(1.) IN this case the respondents, who were judgment-debtors of the appellant:, filed a petition in the Court of the District Judge of Lucknow on the 12th of April 1890, whereby they sought to set aside the sale of certain villages which had been sold by auction by an order of that Court. The principal ground relied upon by the respondents for setting aside the sale was that it took place before the expiration of thirty days required by Section 290 of the Civil Procedure Code to intervene between the date on which the copy of the proclamation had been fixed up in the court-house and the day of sale.

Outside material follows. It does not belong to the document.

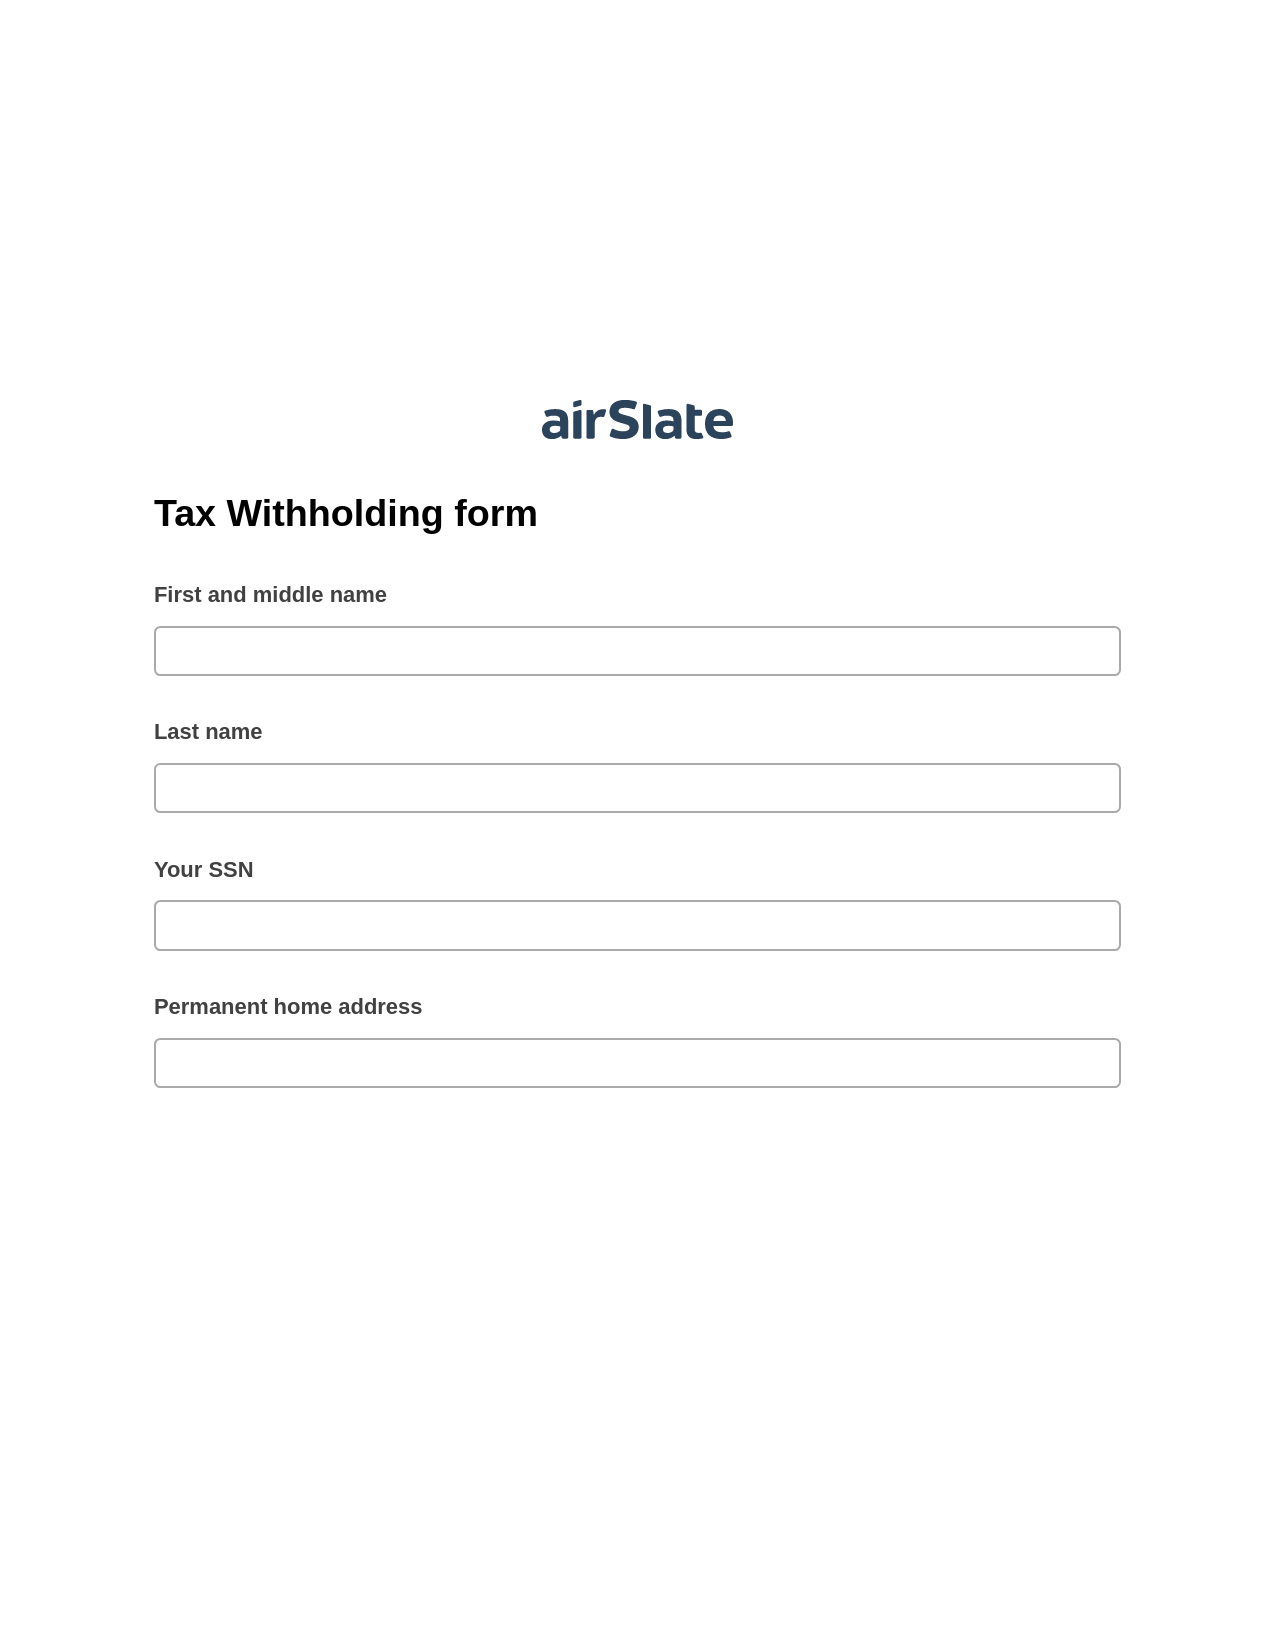 Multirole Tax Withholding form Pre-fill Slate from MS Dynamics 365 Records Bot, Roles Reminder Bot, Webhook Postfinish Bot
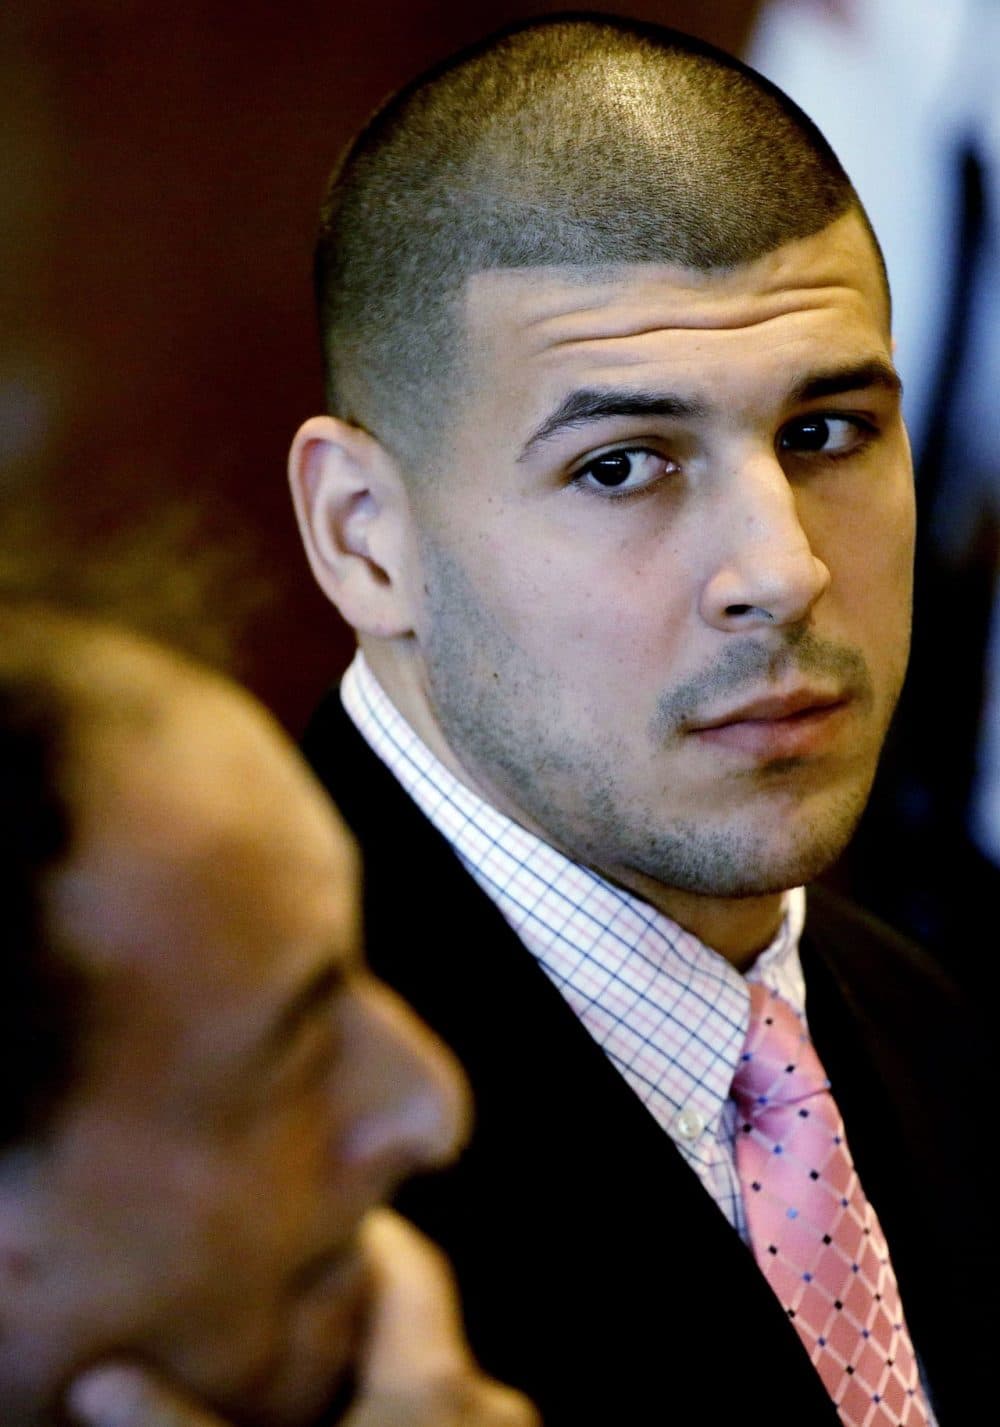 In this Oct. 21, 2013 file photo, former New England Patriot football player Aaron Hernandez looks to one of his attorneys, James Sultan, during a hearing in Bristol Superior Court in Fall River, Mass. Hernandez has pleaded not guilty to the murder of Odin Lloyd, whose body was found June 17 near Hernandez's home in North Attleborough, Mass. A search warrant filed in Connecticut in December 2013 shows police believe Hernandez was in an SUV when someone inside shot two people to death in Boston in 2012. In searching a home of Hernandez's uncle in Bristol, Conn., in June, police found the SUV wanted in the 2012 shooting in Boston. (Stephan Savoia/AP)

The matter of this petition came on for hearing before the District Judge on the 7th of June 1890 and subsequent days. On the 14th of October 1890 the District Judge dismissed the respondents' petition and confirmed the sale. The respondents appealed to the Judicial Commissioner of Oudh, who on the hearing of such appeal on the 16th of March 1891 allowed the appeal and set aside the sale.
(2.) THE appellant was mortgagee of the four villages sold, and he had on the 12th of October 1889 obtained a decree on the footing of his mortgage. In execution of this decree he caused a proclamation of sale to be issued from the Judge's Court on the 13th of February 1890, the sale being announced to take place on the 20th of March following. The main provisions of the Civil Procedure Code regulating sales are as follows: Section 274 provides that in the case of immoveable property the order of attachment 'shall be proclaimed at some place on or adjacent to such property by beat of drum or other customary mode, and a copy of the order shall be fixed up in a conspicuous part of the property and of the court-house." Section 287 prescribes the statements and information to be given by the proclamation of sale. Section 289 provides that "the proclamation shall be made in manner prescribed by Section 274, on the spot where the property is attached, and a copy thereof shall then be fixed up in the court-house." Section 290 provides that no sale shall take place "until after the expiration of at least thirty days in the case of immoveable property, calculated from the date on which the copy of the proclamation has been fixed up in the courthouse of the Judge ordering the sale."
(3.) THAT section, under which, the petition of the respondents, owners of one-half of the villages, was prevented, provides that "the decree-holder or any person whose immoveable property has been sold...may apply to the Court to set aside the sale on the ground of a, material irregularity in publishing or conducting it; but no sale shall be set aside on the ground of irregularity unless the applicant proves to the satisfaction of the Court that he has sustained substantial injury by reason of such irregularity."